Find topics that span multiple sessions:

```cypher
MATCH (m:Message)
WHERE m.content CONTAINS $keyword
MATCH (m)<-[:HAS_MESSAGE]-(s:Session)<-[:HAS_SESSION]-(p:Project)
WITH p.name AS project, s.id AS session, s.startedAt AS started,
count(m) AS mentions
ORDER BY started
RETURN project, session, started, mentions
```

## Step 5 — Internalize

From the results, extract:

* Decisions made and their rationale
* Patterns and conventions established
* Tool usage patterns and preferences
* Unresolved items or open TODOs
* Any corrections the user made to your prior behavior
* Cross-session themes and recurring topics

Use this to inform your current response. Do not repeat back the raw logs to the user.

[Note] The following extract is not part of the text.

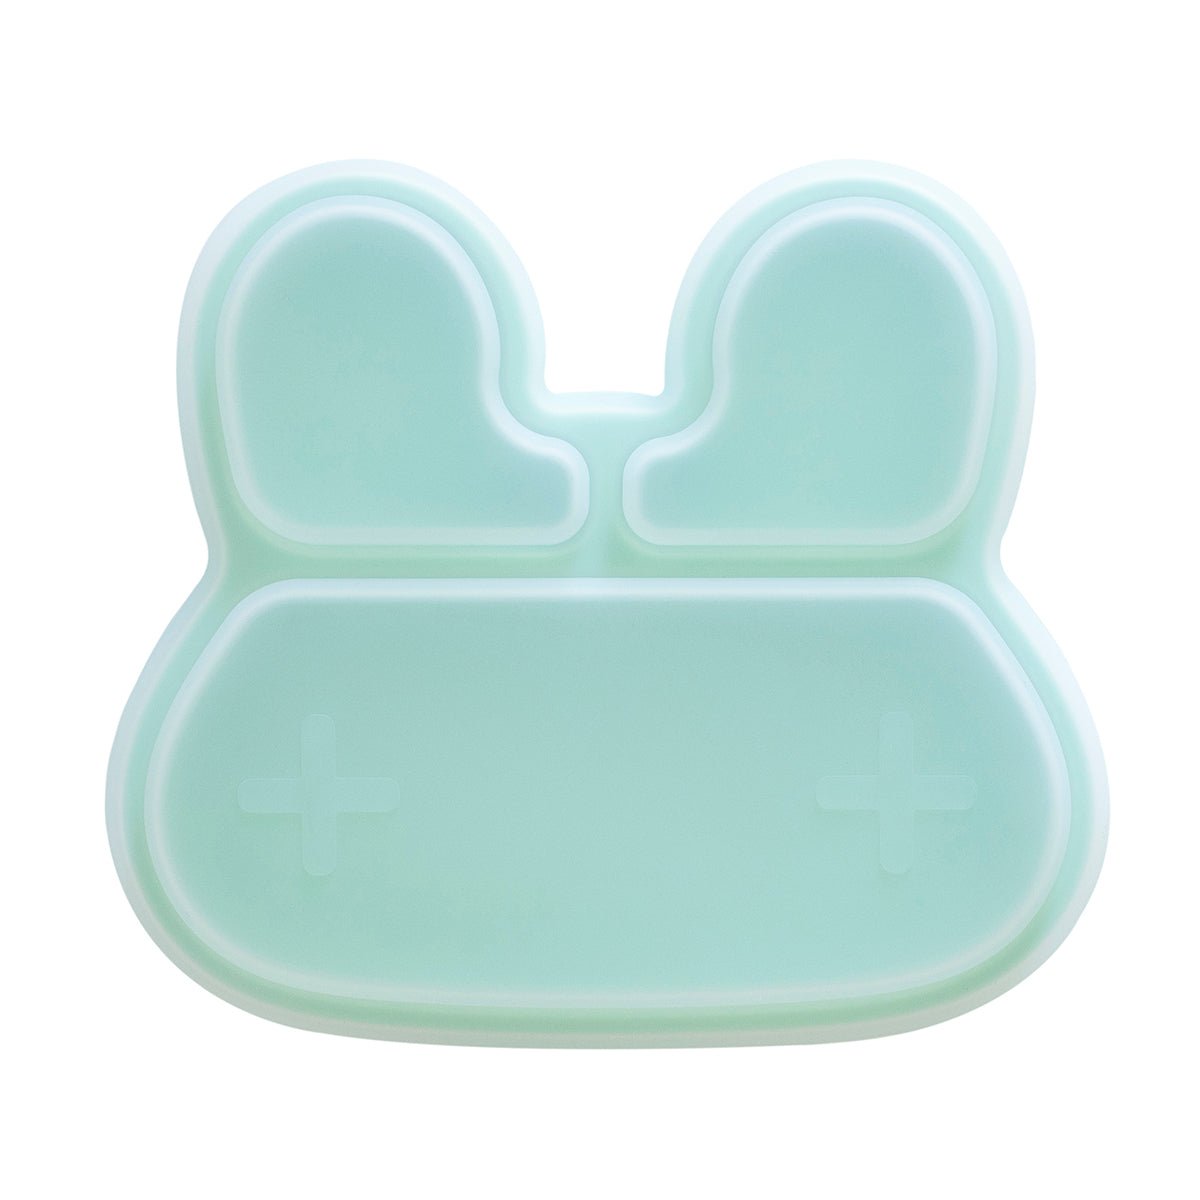 Stickie Bunny plate lid | We Might Be Tiny

## Step 6 — Cleanup (optional)

When session data is no longer needed in Neo4j:

```cypher
MATCH (n)
WHERE n:Session OR n:Message OR n:ToolUse OR n:Summary OR n:Project
DETACH DELETE n
```

## HTTP API Loader (fallback)

If cypher-shell is not available, use the Neo4j HTTP transactional endpoint:

```bash
#!/bin/bash
NEO4J_URL="${NEO4J_HTTP:-http://localhost:7474}"
NEO4J_USER="${NEO4J_USER:-neo4j}"
NEO4J_PASS="${NEO4J_PASSWORD:-password}"
AUTH=$(echo -n "$NEO4J_USER:$NEO4J_PASS" | base64)

run_cypher() {
local query="$1"
local params="${2:-{}}"
curl -s -X POST "$NEO4J_URL/db/neo4j/tx/commit" \
-H "Authorization: Basic $AUTH" \
-H "Content-Type: application/json" \
-d "{\"statements\":[{\"statement\":\"$query\",\"parameters\":$params}]}"
}

# Create constraints
run_cypher "CREATE CONSTRAINT session_id IF NOT EXISTS FOR (s:Session) REQUIRE s.id IS UNIQUE"
run_cypher "CREATE INDEX message_content IF NOT EXISTS FOR (m:Message) ON (m.content)"

# Load sessions from parsed JSONL
while IFS= read -r line; do
run_cypher "
MERGE (p:Project {name: \$project})
MERGE (s:Session {id: \$sessionId})
SET s.startedAt = \$startedAt, s.branch = \$branch
MERGE (p)-[:HAS_SESSION]->(s)
" "$line"
done < /tmp/neo4j-sessions.jsonl
```

## Cross-skill integration

* **Neo4j MCP server**: If connected to the Neo4j MCP
server (or similar), you can run Cypher queries directly via the MCP tools
instead of cypher-shell. Use `read_neo4j_cypher` for search queries and
`write_neo4j_cypher` for the load step.

* **Session state**: The loaded graph persists in Neo4j until explicitly
cleaned up, so subsequent invocations skip the load step. Use `--load`
to force a refresh.

* **Observational memory**: Session logs loaded as a graph are the raw
material for the Observer/Reflector compression pipeline. The
`:Message` → `:NEXT` chains and `:USED_TOOL` relationships provide
the provenance backbone that observational memory builds on.